Mistakes in eLearning design are common, so how do you avoid them?

For many people, design is how a thing looks, but at its core, design is about problem-solving. Steve Jobs was obsessed with making beautiful products but he too was keen to make this distinction, famously proclaiming “design is how it works”.

At RedJamJar, we see clients make errors in eLearning design all the time. We can often implement impactful adjustments simply by considering the logic behind individual components and how each relates to the whole. The key is that small but important word design.

Design thinking

Design thinking focuses on the cognitive aspects of the design process. It’s a method for creative problem solving that aims to significantly improve outcomes. Importantly, design thinking prioritises how information might be most effectively received over the desires of the communicator. eLearning resources should therefore be founded on strong design thinking, which is why we’ve put together tips on how to use this approach to avoid mistakes in eLearning design.

RedJamJar presents…

6 mistakes to avoid in your eLearning design


1. Forgetting the target user

We all have favourite tools and systems, but your learners and their goals should always be in the forefront of your mind.

Every element of the course should serve those goals, not only the text, but the images, layout, and any other elements that comprise your modules. If you lose sight of the learning goals, you will create ineffective content. Develop a clear idea of the learner’s expectations and the information you need to convey in order to make that happen.

2. Misjudging the learner’s ability

Creating an eLearning course that doesn’t challenge learners is a common mistake.

American comedian Jerry Seinfeld once said writing a good joke is like attempting to leap a metaphorical canyon, taking the audience with him: if the sides are too far apart the audience won’t reach the other side, set too close and there’s no sense of achievement. The same applies to your eLearners. If they don’t feel as though they are being pushed beyond their boundaries and are gaining new insights  from the course, they won’t be motivated to learn.

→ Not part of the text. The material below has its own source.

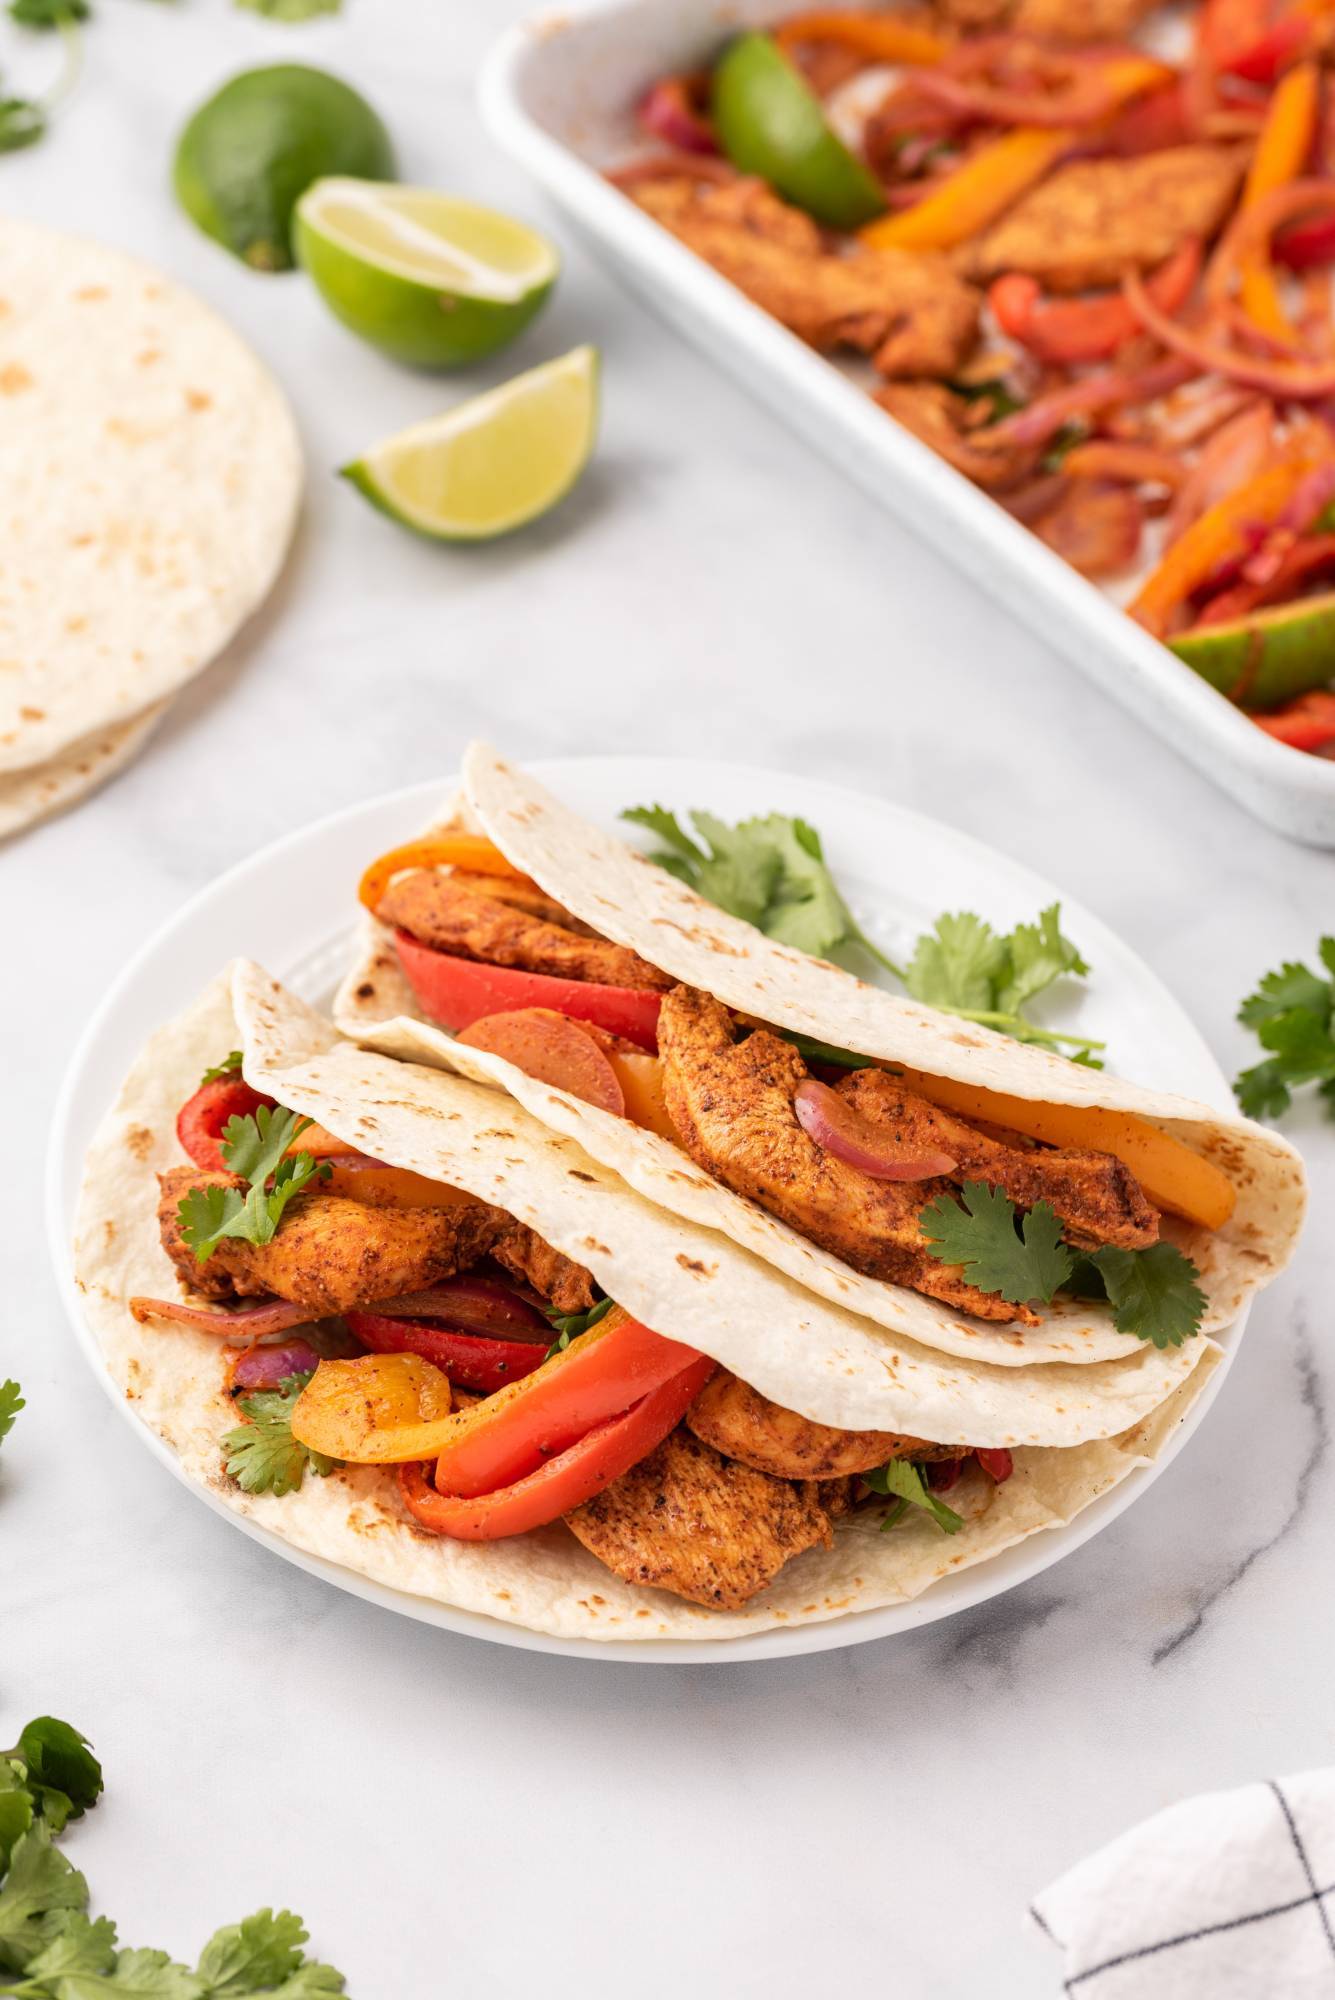 Chicken fajitas made on a sheet pan and served in flour tortillas with bell peppers, cilantro, lime, and red onion.

Providing scenarios is a particularly good way of making learning topics relatable to learners and provides a narrative which conveys both the necessary skills and behaviours.

3. Overly long content

Learning modules should be ‘chunked’ into 2-minute sections.

A research team at Germany’s Dresden University of Technology compared the standard approach to eLearning (chunks of information and a short assessment) compared with a frequent and fine-grained assessment. The conclusion, published just a few months ago, was that micro-learning drives over 20% more information retention.

4. Poor layouts

Cognitive overload occurs when a learner’s mind is flooded with too much information.

Text-heavy pages create a cognitive overload for your learners. Be concise and clear. Don’t include irrelevant information and try to break more complex concepts down into more digestible paragraphs, or even three key bullet points if possible.

Similarly, including a myriad of images will only serve to distract the learner. Limit the number of visual elements you use and ensure that they are high-quality, on-topic and don’t interrupt the reader’s eye in sections where they should be focusing on the text.

5. Substandard content

If the messaging you provide for learners isn’t completely useful and relevant to them, it shouldn’t be included.

Errors, irrelevant information and poorly written content can drastically diminish the eLearning experience, as well as the credibility of your organisation. Videos, audio and use cases are all great examples of interactive elements that can make the eLearning experience more effective. If you omit multimedia when developing interactive eLearning strategy, you run the risk of creating boring courses. Always make users feel like active participants.

6. Courses too complex to update and maintain

eLearning courses may be visually stunning and packed with valuable information but this counts for little if they can’t be maintained.

Designing eLearning courses that are visually attractive and meaningful is great, but they have to be maintained long term. Keep simplicity in mind and always ensure that you or your client will be able to easily update the deliverable when required.